De onde é que já saí? De Maputo, mas ainda é cedo para pensar nisso. De Bocas del Toro – larguei, voltei a entrar, voltei a largar e ainda hoje penso no Palmar Tent Lodge onde ia todos os dias ao fim da tarde beber um rum punch e ver o mar numa das praias mais bonitas que me foi dado ver. (Não sou grande apreciador de praia, por isso dizer que aquela praia está ao nível da de Salines, na Martinique ou das do Parque Nacional Manuel António, na Costa Rica, ou daquela onde ia nas Filipinas, não recordo o nome, é dizer muito.)

          Deixei Genebra aos bocadinhos, levei quase dois anos a mudar-me para Cascais – daqui a dias estarei ali de novo, o que me leva a pensar no que é «deixar um sítio», partir. Alguma vez partimos, verdadeiramente? Onde é que ia, antes deste desvio todo? Zurique. Nunca mais ali voltei. Morava na Niederdorf, no centro do centro. O apartamento ficava por cima de uma boutique da moda, que não tinha cabines para as senhoras mudarem de roupa. Quando saía para ir trabalhar – trabalhava nas limpezas, para um refugiado político checoslovaco que só não me surpreendeu porque já tinha estado na Rússia Soviética. O homem conhecia o conceito de exploração até ao fundo e levava-o a sério -  via as senhoras na boutique a mudar de roupa no meio da loja, visão abençoada naquele tempo em que ninguém usava soutien. Limpava bancos (literal, não metaforicamente). Um dos que limpava tinha uma quantidade que me parecia ilimitada de obras do Christo e ali me familiarizei com as obras deste artista. 

          Outra cidade que deixei várias vezes e nunca deixei foi S. Luís do Maranhão, onde ainda hoje um bocadinho de mim se passeia pelas ruas e ao fim da tarde vai beber uma cerveja ao Mercado do Peixe, ver o decote da Jeny e trocar com ela sorrisos de entendido: «Este decote serve para vender cervejas», diz-me. «Eu sei, Jeny». Falávamos sem trocar uma só palavra. (Não sei de onde vem este gosto pelo entendimento tácito. Suponho que seja a noção de pertença a um grupo. Esta grande fraternidade de pessoas que não se conhecem, mas conhecem as mesmas coisas, viveram as mesmas situações, passaram pelo mesmo e sabem que hoje sou eu e amanhã és tu e depois de amanhã será outro e é para isso que estamos cá.)

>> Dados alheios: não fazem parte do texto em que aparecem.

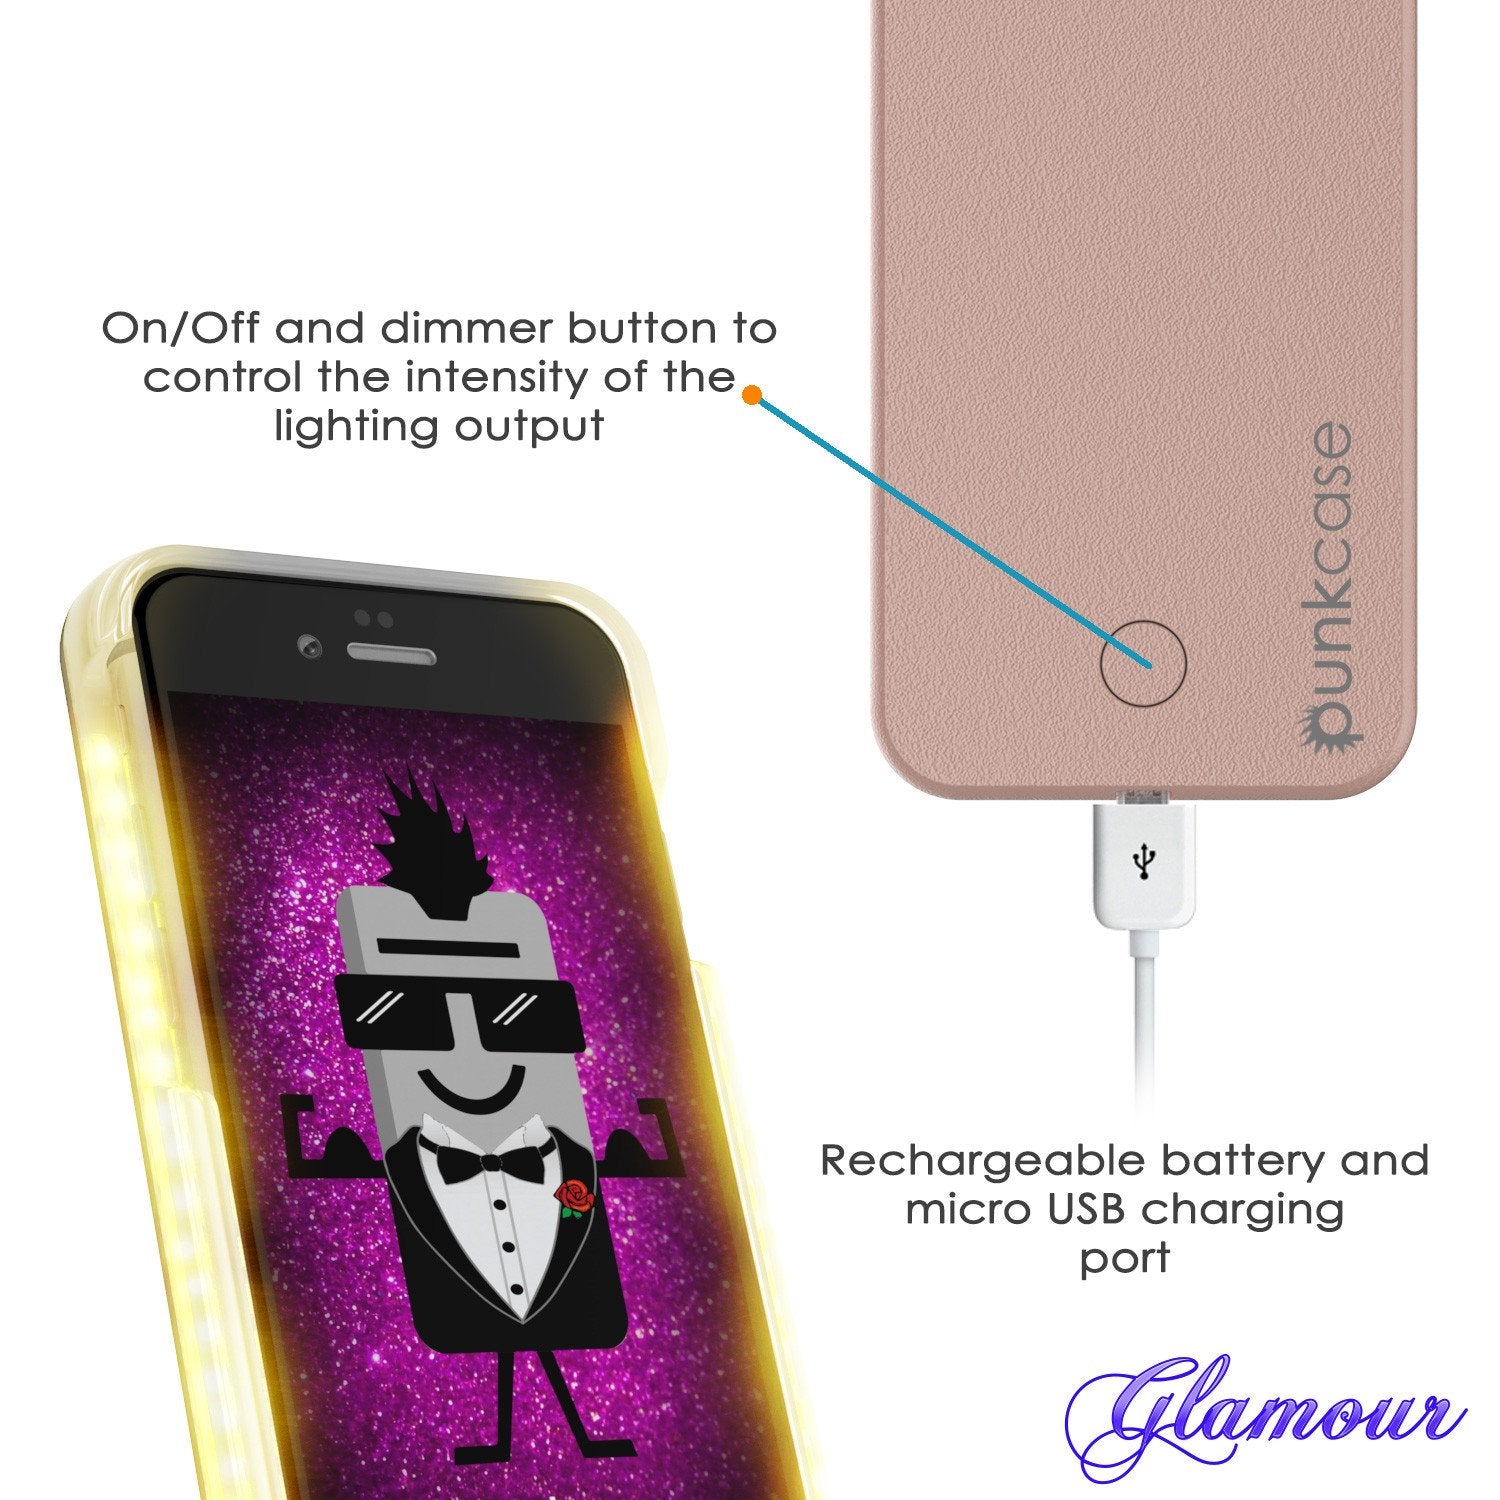 iPhone 6+/6S+ Plus Punkcase LED Light Case Light Illuminated Case, ROSE GOLD  W/  Battery Power Bank - PunkCase NZ

          Deixei Antigua, aonde espero nunca mais voltar; Bequia, onde quero voltar para morrer. Deixei St. Martin, ilha mágica porque mistura tudo o que as outras são. Deixei Jost van Dyke vezes de mais porque ali se  bebe o melhor cocktail do mundo – chama-se Painkiller e é o único cocktail que conheço cujo nome corresponde à realidade. Deixei Bitter End, fim amargo de tudo o que de bom aquelas ilhas têm. Deixei o Burundi, vencedor vencido e o Zaire, vencido mas revoltado. Deixei Kindu, uma evacuação como aquelas que se vêem nos filmes, soldados armados por todo o lado, o avião a parar para me deixar entrar, uma mãe a ter de escolher qual dos filhos a acompanharia na fuga.

As partidas marcam mais do que as chegadas, com a possível excepção de Bequia (pronuncia-se Béqüei) porque ali mal cheguei e pela segunda vez na vida vi o lugar onde quero morrer (o primeiro é praticamente inacessível. Chama-se península de Burton e fica na margem oeste do lago Tanganica. Não se pode querer morrer num lugar ao qual não se pode voltar). A Bequia quero voltar, todos os marinheiros querem. Richard Dey escreveu as coisas mais bonitas que há sobre esta ilha. Não tenho o livro comigo, mas é de lá que vem aquele verso que não me deixa: «I know them. I am one of them.»

          Já deixei mais sítios do que aqueles a que cheguei: a matemática das viagens não é algébrica, é alquímica.